Task prompt:
Restate all the lines below word for word, but omit the pictures.

Recorded information:
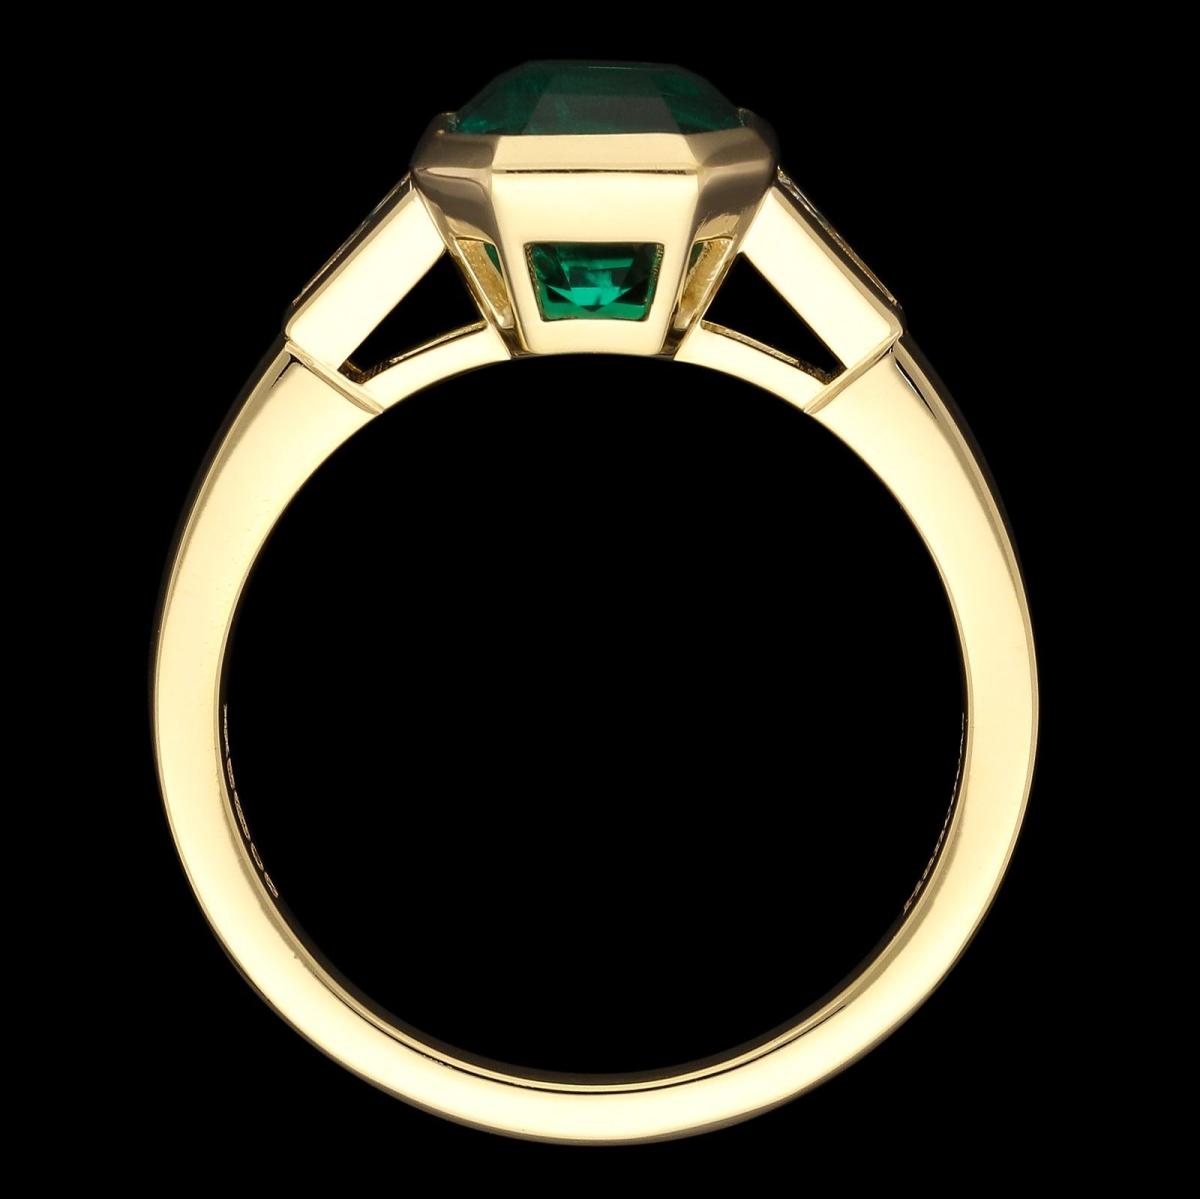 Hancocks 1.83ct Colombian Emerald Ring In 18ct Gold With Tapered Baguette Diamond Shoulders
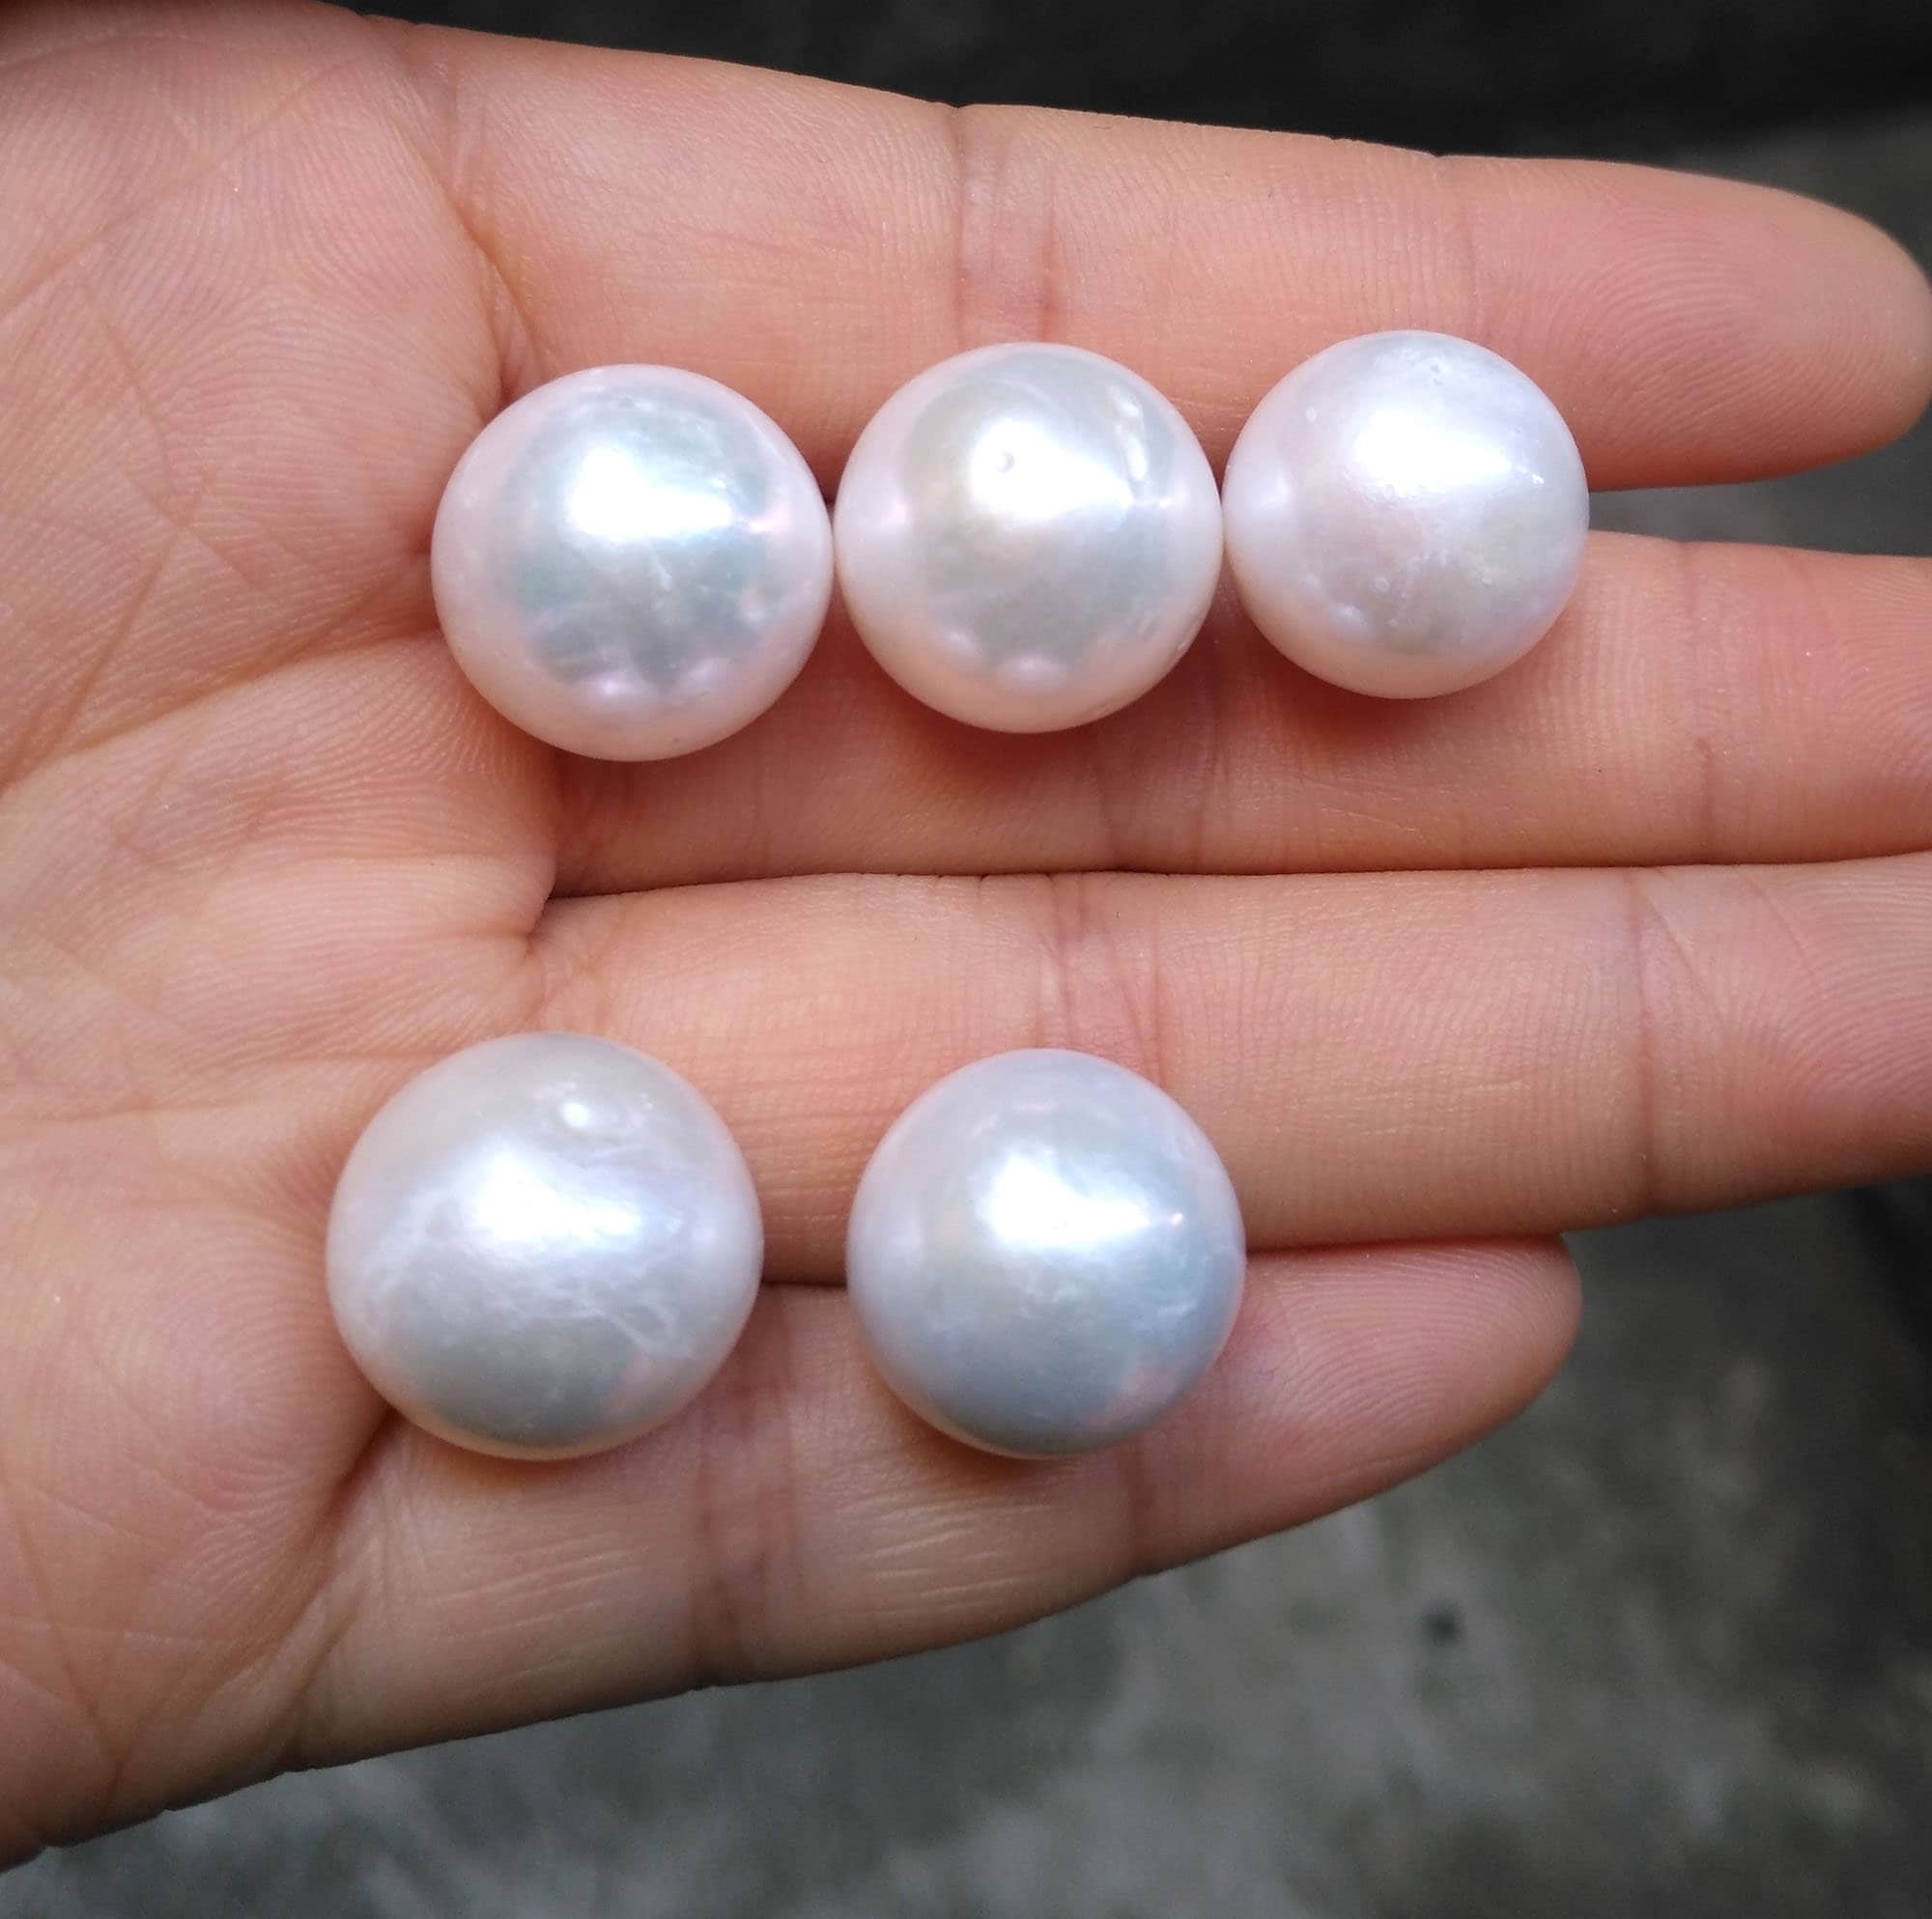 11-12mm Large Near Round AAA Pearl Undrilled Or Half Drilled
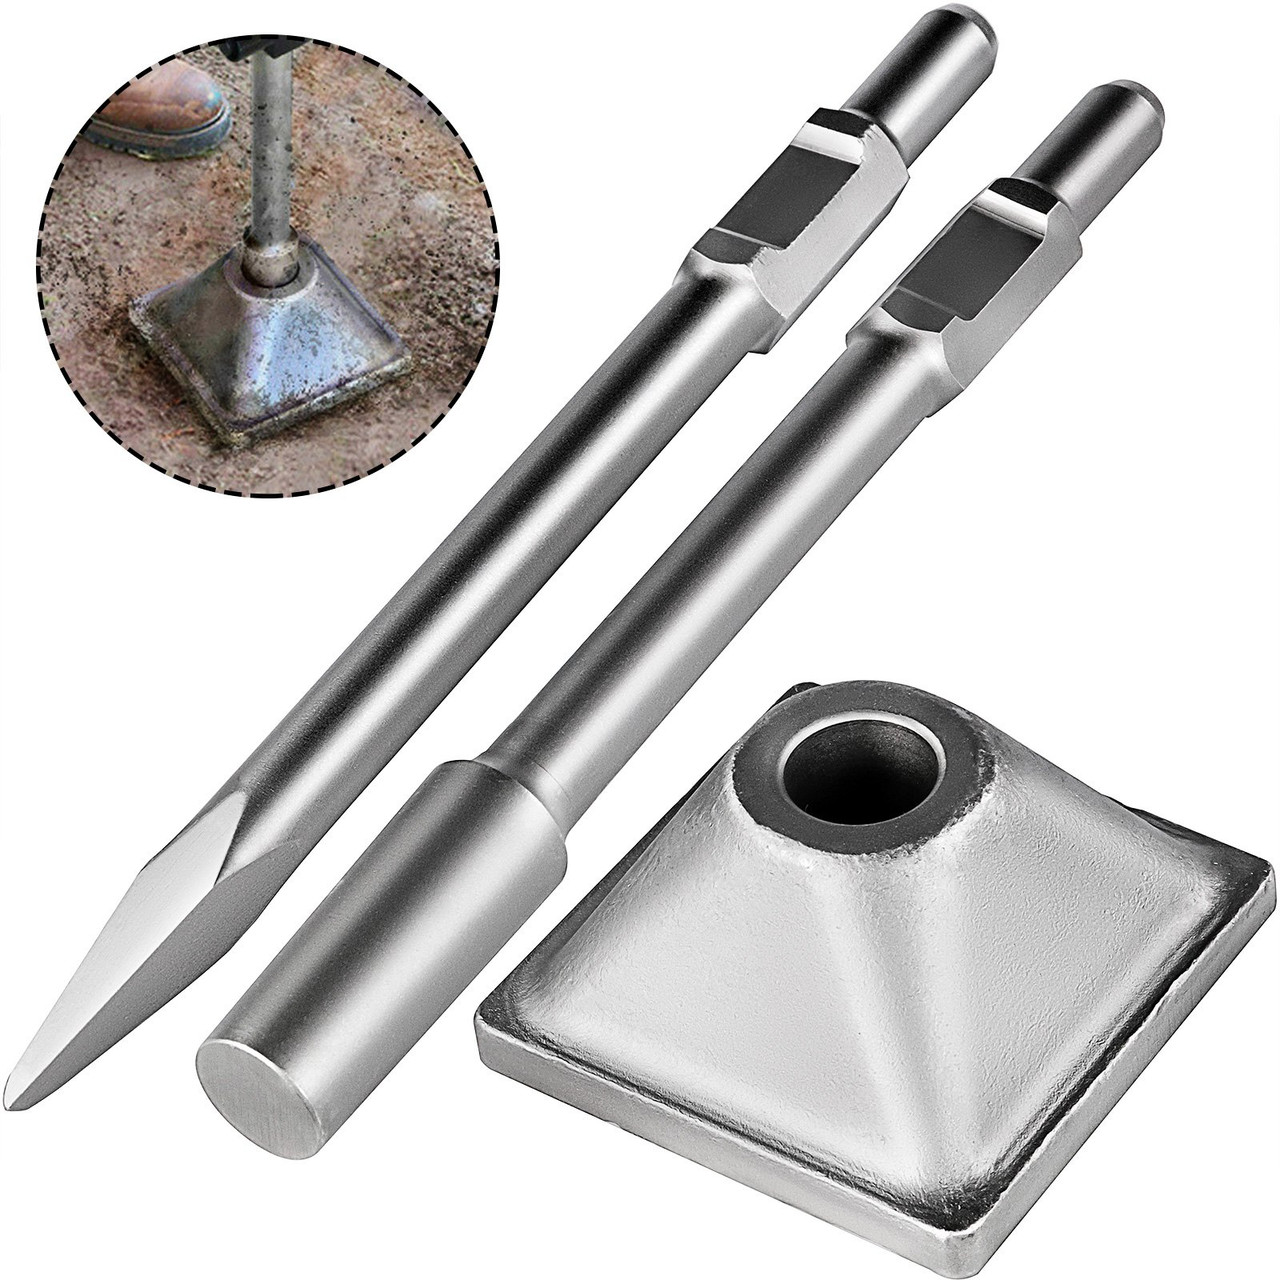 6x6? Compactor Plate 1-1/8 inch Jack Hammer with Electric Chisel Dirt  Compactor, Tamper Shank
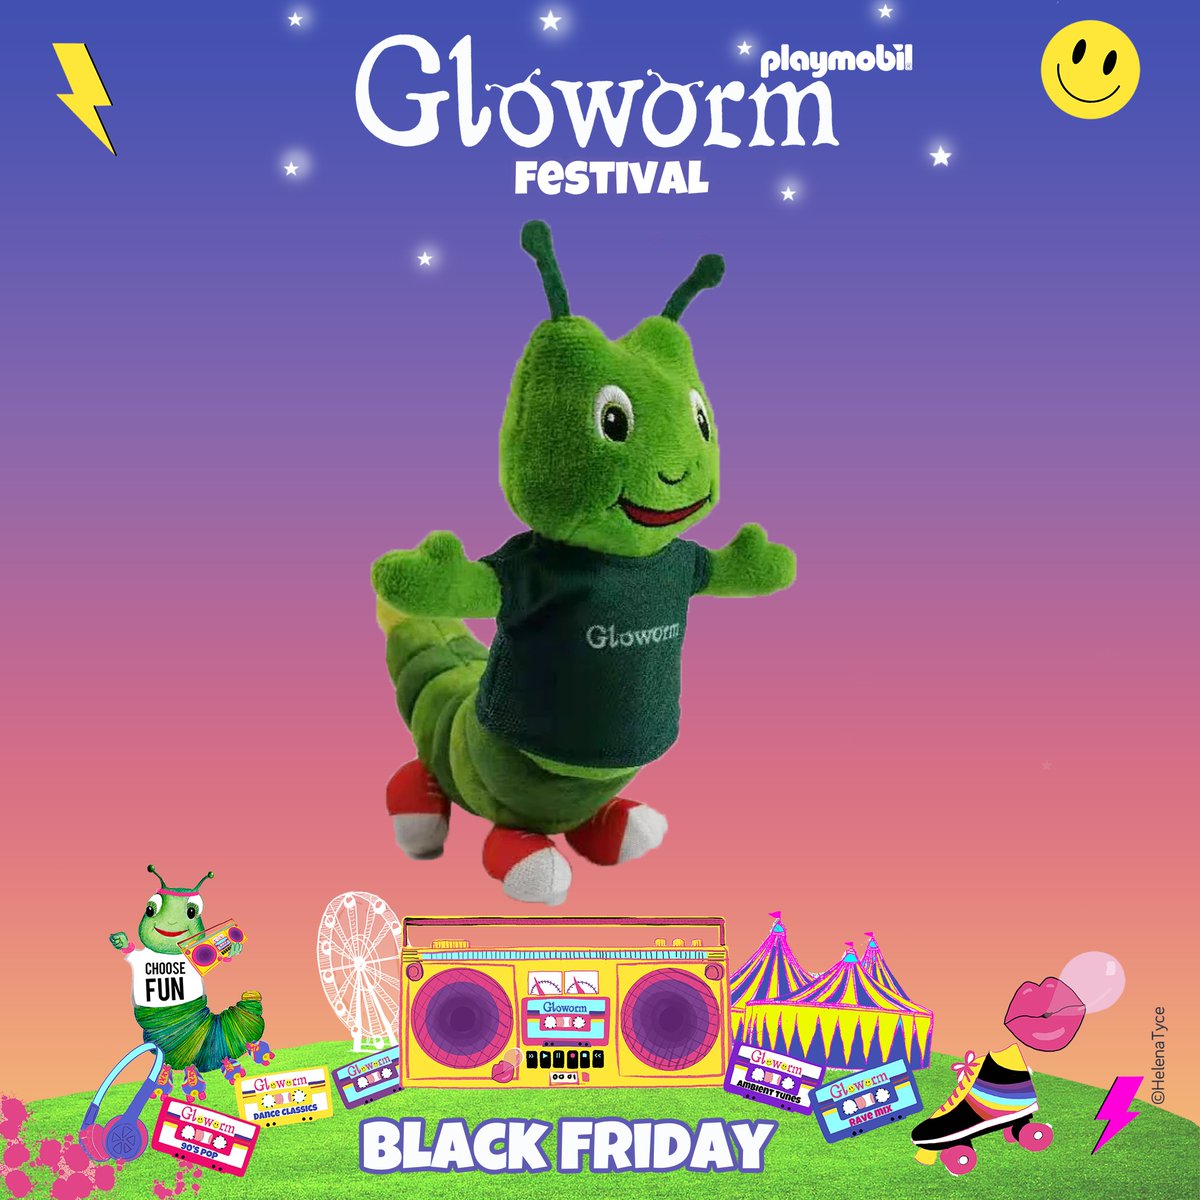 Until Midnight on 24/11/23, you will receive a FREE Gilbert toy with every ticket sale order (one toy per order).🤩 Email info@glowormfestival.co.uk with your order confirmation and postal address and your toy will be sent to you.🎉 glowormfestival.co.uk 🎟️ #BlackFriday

Solved exercise:
 Hancocks 1.83ct Colombian Emerald Ring In 18ct Gold With Tapered Baguette Diamond Shoulders
 11-12mm Large Near Round AAA Pearl Undrilled Or Half Drilled
 6x6? Compactor Plate 1-1/8 inch Jack Hammer with Electric Chisel Dirt  Compactor, Tamper Shank
 Until Midnight on 24/11/23, you will receive a FREE Gilbert toy with every ticket sale order (one toy per order).🤩 Email info@glowormfestival.co.uk with your order confirmation and postal address and your toy will be sent to you.🎉 glowormfestival.co.uk 🎟️ #BlackFriday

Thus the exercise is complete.